That said, the joy of watching patients grow is balanced by a unique set of clinical challenges they present. Clinicians have had to be creative to meet these challenges despite being short-handed.
‘Complicated Psychosocial Aspects’
Several types of health care professionals have been enlisted to make up for the lack of available pediatric rheumatologist in the workforce. However, by far the two most called upon groups are primary care providers and adult rheumatologists.
“A reliable pediatrician or primary care physician is extraordinarily valuable for comprehensive patient care, particularly with long wait times and complicated cases,” Smith said.
According to Correll, the ACR is working on ways to train general pediatricians and family practitioners to meet the specific needs of young patients with musculoskeletal diseases.
“The goal is for them to care for patients who have musculoskeletal complaints that are not rheumatic diseases,” she said.
Cron explained a common example of why training PCPs is necessary.
“We get a lot of referrals for children who have a positive ANA, but the largest chunk of those patients do not have a rheumatic disease,” he said. “Many of them have some other type of stress-related pain syndrome. Of course, it is important to treat those kids, but they do not necessarily require a rheumatologist.”
These patients create an “immense amount of work” for pediatric rheumatologists who are already overworked, according to Cron.
“If primary care can learn to recognize which kids need a rheumatologist and which kids need stress counseling and aerobic exercise, it would ease our workload,” he said.
A companion approach would be for pediatricians to focus on tasks that do not require the specific expertise of a pediatric rheumatologist.

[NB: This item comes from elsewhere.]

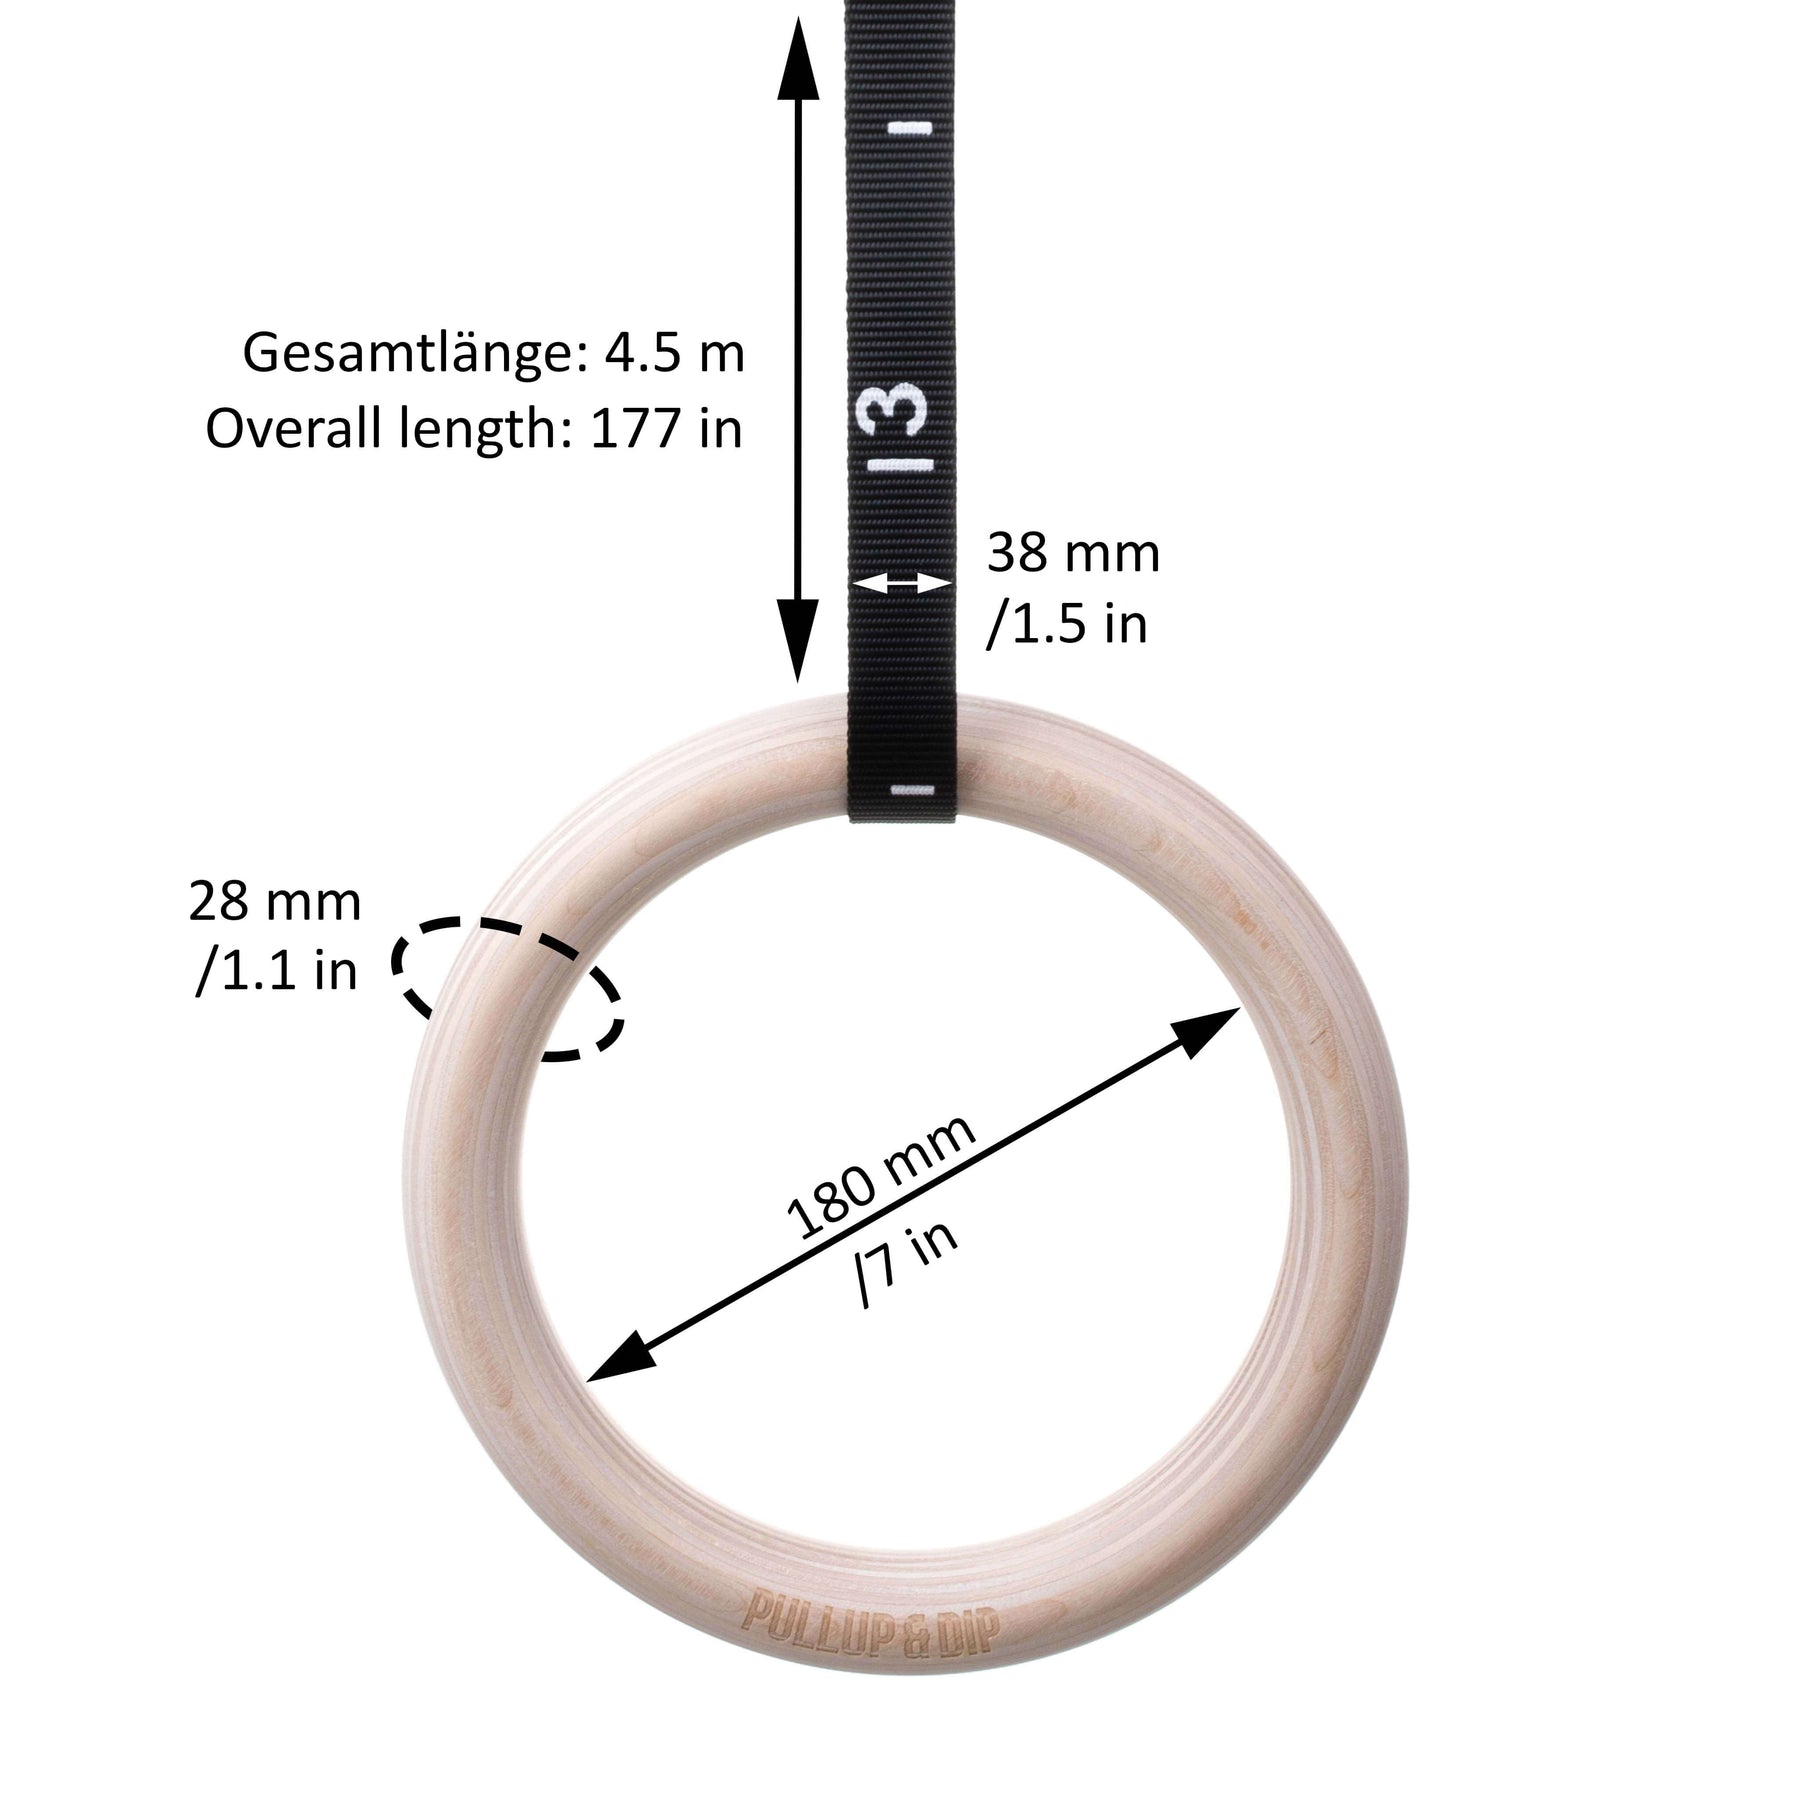 Wooden Gymnastic Rings - Includes Numbered Buckle Straps, Door Anchor and Sports Bag

“Pediatricians aiding in health maintenance, laboratory studies, vaccinations and compliance is a significant help to rheumatology practitioners,” Smith said.
However, if non-rheumatologists are going to handle these duties, it is important for them to have information and resources at their disposal.
“The ACR is working on a project to provide information to primary care physicians and advanced practice providers,” Correll said. “This online resource will be available through the ACR website. It will offer information on differential diagnoses, when to refer, appropriate testing before referrals, potential treatments the PCP or APP can provide, etc. We anticipate launching this project in mid-2024.”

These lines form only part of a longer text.